Abstract

Review of Proposals Submitted to Elsevier’s Peer Review Workbench

Bahar Mehmani,1 Silvia Dobre,1 Ramadurai Petchiapppan1

Objective

To encourage evidence-based peer review studies, Elsevier launched the Peer Review Workbench (PRW) in 2022. Here we report on the studies that have since worked in PRW, as we believe peer review studies at large scale are needed for the progress of research on research and understanding how to improve the quality of the peer review process.

Design

PRW is a curated and anonymized dataset of all Elsevier journal manuscript and peer review metadata on more than 5 million authors and reviewers. In our white paper,1 we describe all the attributions and results of some calculations such as variation of interrater agreement, number of peer reviewers per manuscript, peer review rounds, gender balance, and country representation in editorial, authorship, and reviewers’ composition across different disciplines and impact factor quartiles. Interested researchers are provided with a proposal protocol2 to submit their research plan. All protocols go through rounds of peer review by the academic advisors of the PRW, who are listed in our page.2 The accepted applications receive an onboarding training by our data scientist (R.P.) who further prepares the relevant data segment suitable for their primary and secondary research purposes.

Results

Since September 2022, PRW has received 12 proposals, of which 6 have been accepted. Of the 6 accepted proposals, all have been onboarded and are actively working with the data. Thirty-one researchers from 17 universities in 9 countries are involved in these research projects. Based on the self-reported data, 39% (n = 12) of these researchers are women and 61% (n = 19) are men; the options “Other” and “Prefer not to disclose” were both at 0%. We promote transparency in science and therefore publish all accepted proposals on a dedicated Peer Review Workbench Research Paper Series page on SSRN.2 Box 25-0963 shows the list of research proposals currently working with the data. So far, these proposals published on SSRN have attracted over 170 downloads and almost 800 views.

Conclusions

The breadth of the ongoing studies encourages us to continue adding Elsevier journal and manuscript metadata annually to PRW and organize our seasonal seminars starting from autumn 2025 to report on the progress and findings of each study. This may also help improve the visibility of PRW.

References

1. Petchiappan R, James K, Plume A, et al. Analysing Elsevier Journal Metadata within peer review Workbench. SSRN. Revised June 9, 2025. Accessed July 16, 2025. https://papers.ssrn.com/sol3/papers.cfm?abstract_id=4211833

2. SSRN. PRW: Peer Review Workbench Research Paper Series. Accessed July 16, 2025. https://www.ssrn.com/index.cfm/en/peer-review-workbench/

1Elsevier, Amsterdam, the Netherlands, bahar.mehmani@elsevier.com.

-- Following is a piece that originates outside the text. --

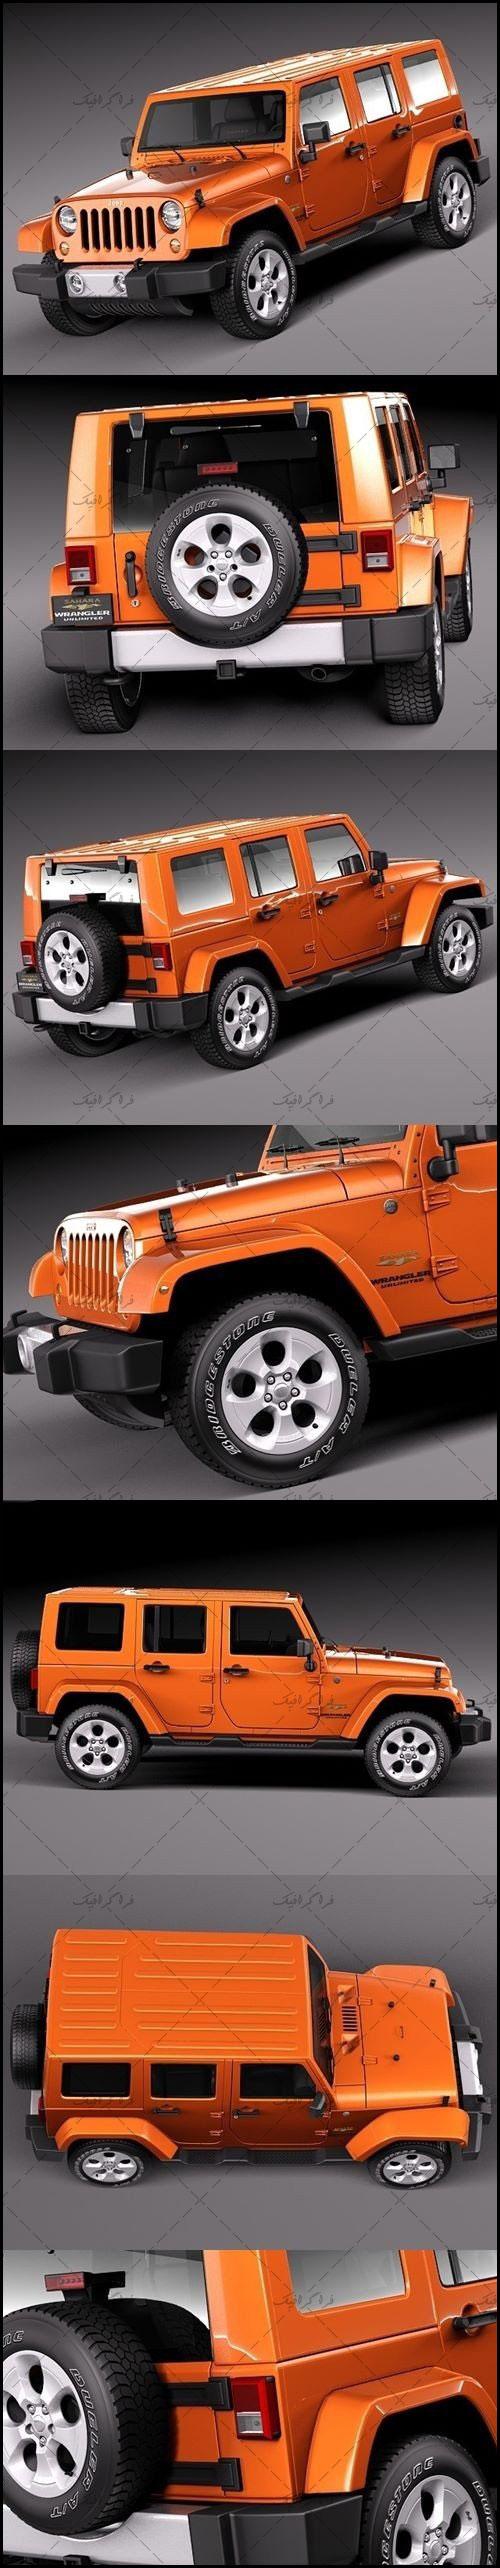 دانلود مدل سه بعدی اتومبیل جیپ Jeep Wrangler Sahara

Conflict of Interest Disclosures

All authors are employees of Elsevier, the owner of the Peer Review Workbench, the publisher of the journals whose metadata is hosted on PRW, and the owner of the submission system used for collecting the data. Elsevier is also the owner of the Scopus database that was used to enrich the journals’ metadata with their different impact factor quartiles and subject areas. Bahar Mehmani is a member of the Peer Review Congress Advisory Board but was not involved in the review or decision for this abstract.